The Feministing Five: Aimée Thorne-Thomsen

Aimée Thorne-Thomsen is a pro-choice feminist activist and sometimes-guest poster here at Feministing. Thorne-Thomsen is the former Director of the now-defunct Pro-Choice Public Education Project, a fantastic organization that worked for reproductive rights and justice for young people, gender non-conforming people, the LGBT community and other groups whose voices often go unheard in the reproductive justice world. But the end of PEP hasn’t diminished Thorne-Thomsen’s commitment to reproductive justice: she still sits on the boards of multiple pro-choice organizations, and she is using what she learned at PEP to help other social justice organizations to improve their services and expand their reach.

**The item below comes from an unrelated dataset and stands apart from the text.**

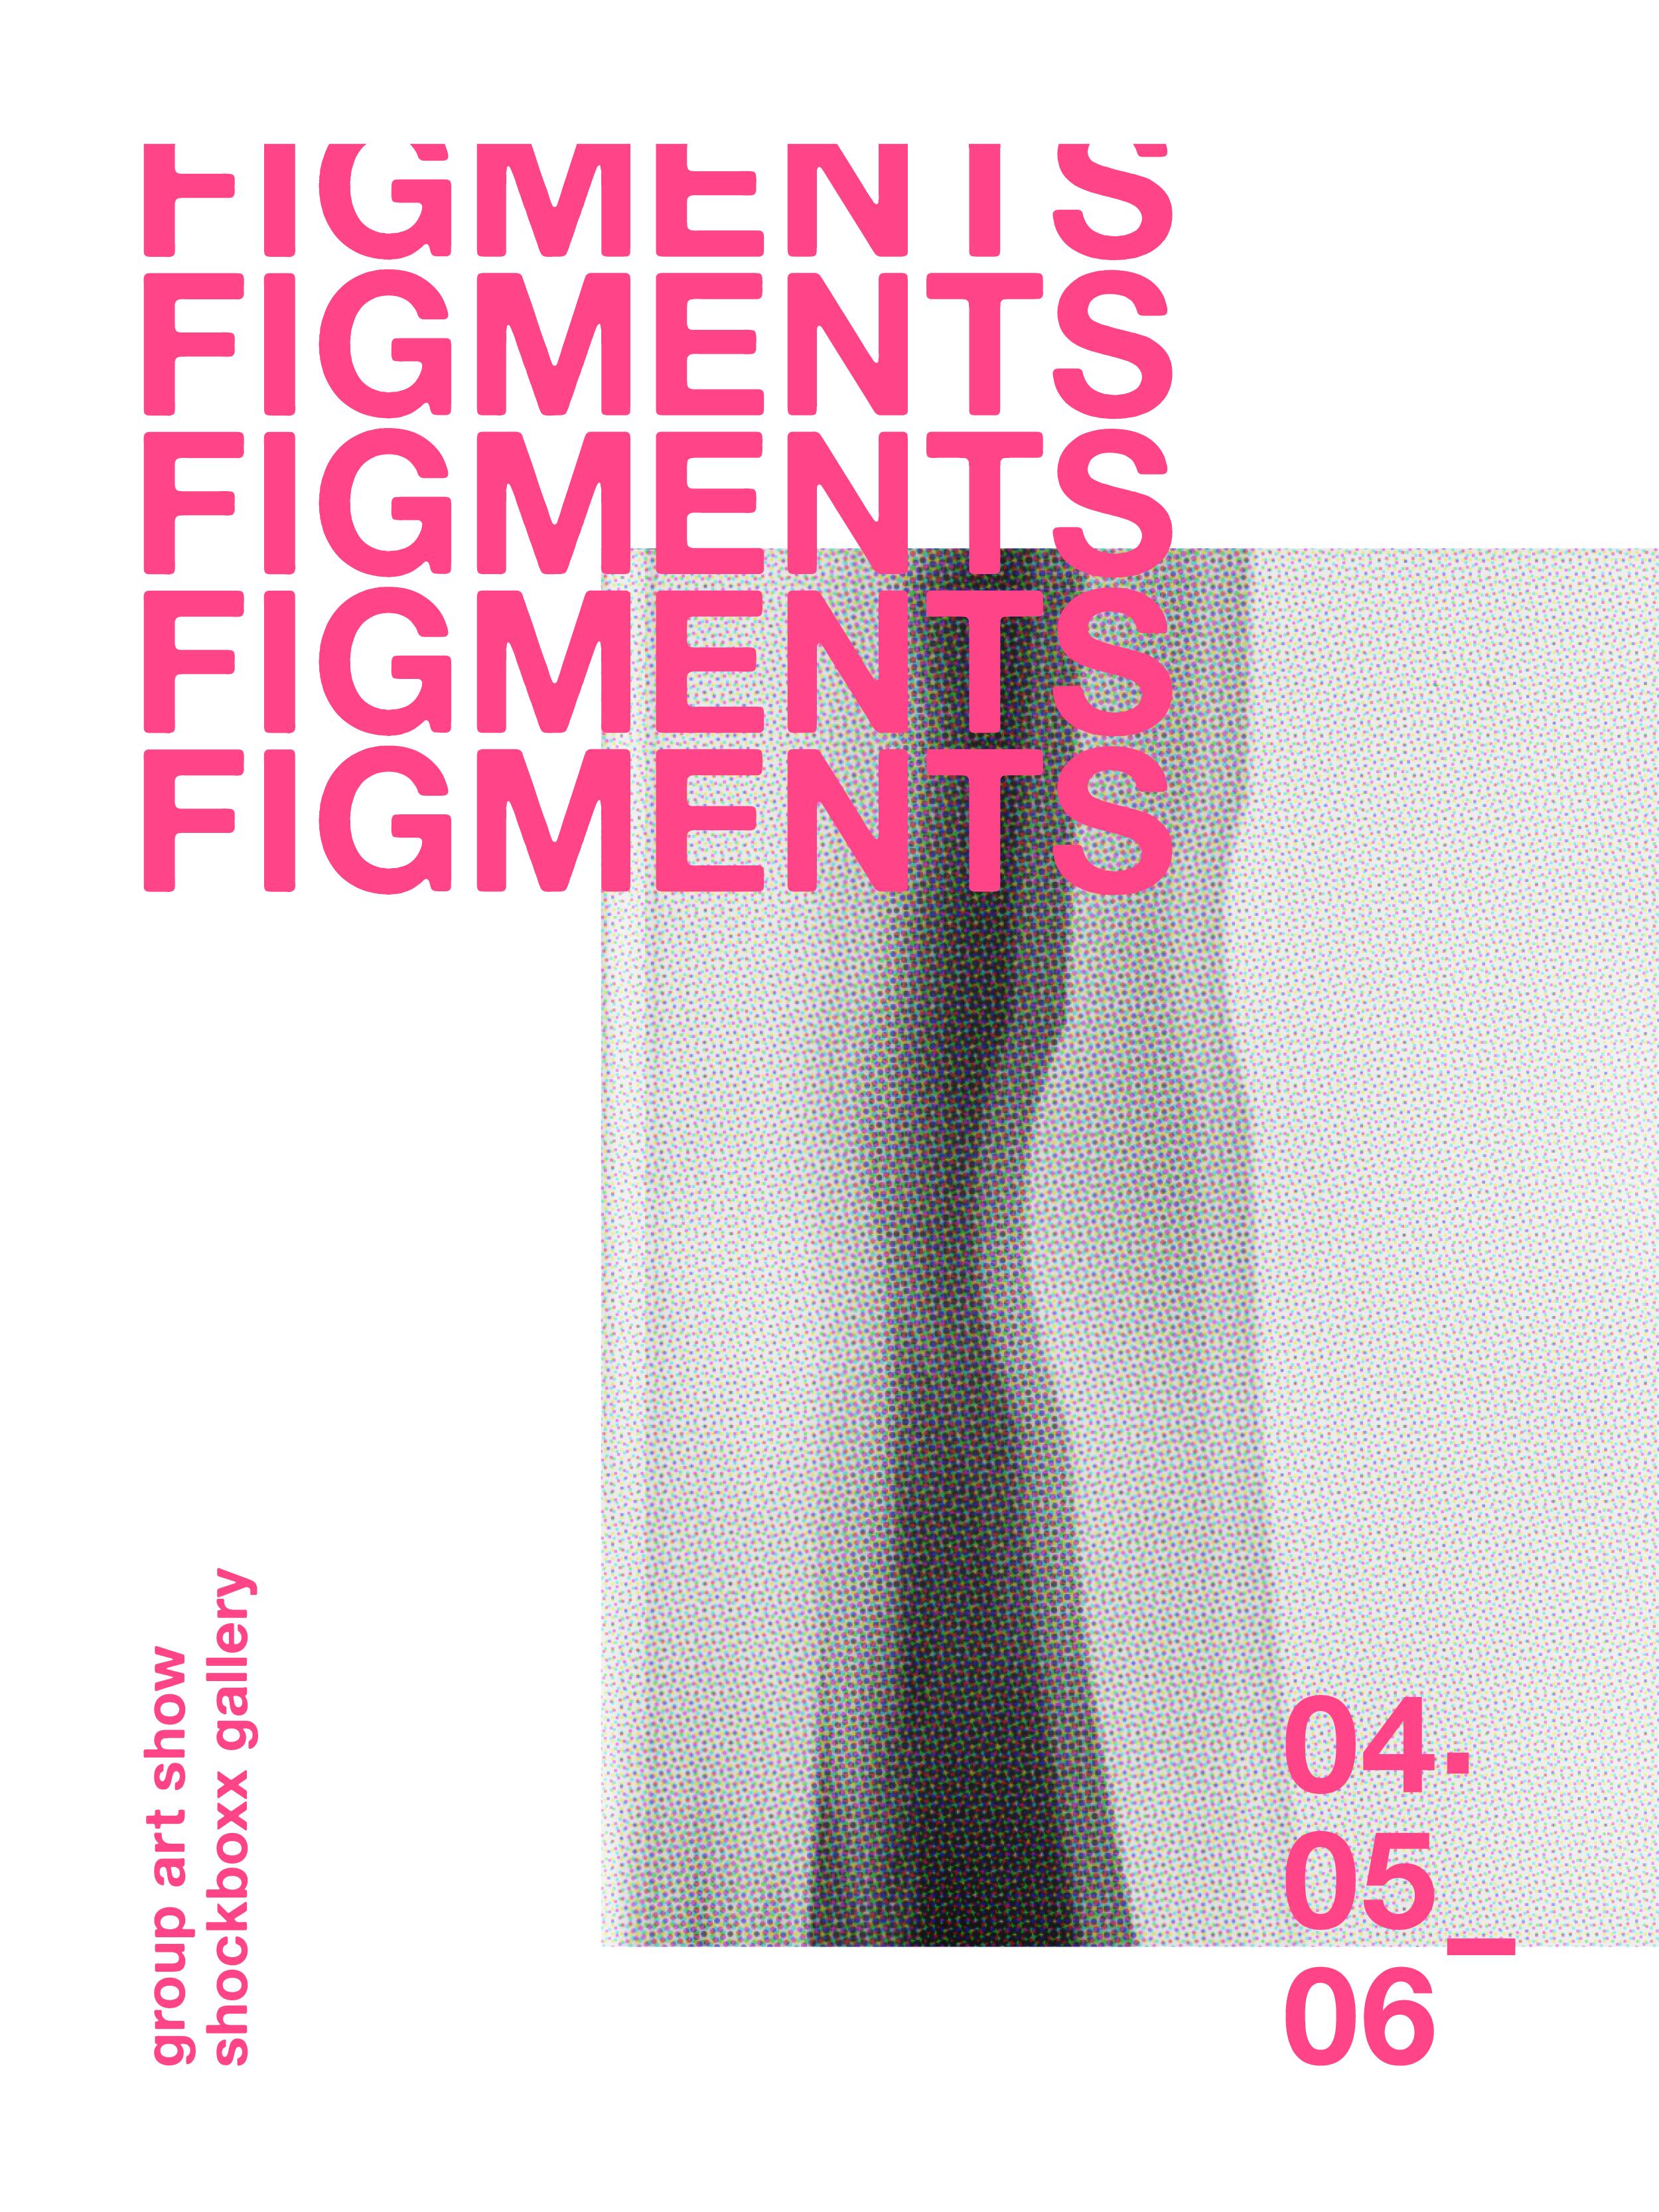 figments_promo_portrait.jpg

Thorne-Thomsen grew up in New York City in a family that was devoted to her education. That devotion paid off: she attended Yale, and later went on to get her Master’s at Baruch College in New York City. When she graduated from college, she worked in the private sector, in advertising, but soon found herself longing for a career that was more personally and politically fulfilling. When she found the Pro-Choice Public Education Project, she says, she fell in love. She served as the organization’s director until it shut down in April this year, a loss by which we were all saddened.

It was a real pleasure to speak to Thorne-Thomsen about how she learned to be an activist, how to move the pro-choice movement forward when doing so seems more difficult than ever and the importance of an ice-cold glass of sweet tea.

And now, without further ado, the Feministing Five, with Aimée Thorne-Thomsen.

Chloe Angyal: How did you become a pro-choice feminist activist?

Aimée Thorne-Thomsen: I think I’ve been pro-choice firmly in my own mind since I was in Catholic school in New York City. It all came from a very basic place of feeling like we shouldn’t be able to tell other people what to do. And as a young Latina growing up in New York City, I got a lot of that. I was told how I should sit, how I should act, what I could do, what I couldn’t do, just based on the fact that I was a girl, and no based on my abilities or my skills or my age or whether I could be trusted  enough to do something. There was a very clear line drawn in my life: there were certain things boys did and there were certain things girls did. And there was a lot of pressure not to question that. I was lucky that I grew up in a family and in a community with my Mom, my aunts and my grandmother, who gave me space to question it, even if they didn’t always know how to respond, and even if they didn’t like where I was going with it. Early on, I had friends getting pregnant when they were 13, 14 and 15 years old. They all came to different decisions about what to do with their pregnancies, and it seemed hard any way they did it, but it seemed like they had a better idea of what to do with it than anyone else who was telling them what to do with it. And so I don’t remember a time when I wasn’t pro-choice, because as long as I have been conscious, I have felt that the person who is in the best position to decide what to do with a pregnancy at any point in time is the person carrying that pregnancy. And I would say as I’ve gotten older, my position on abortion specifically has become more empathetic and more radical simultaneously.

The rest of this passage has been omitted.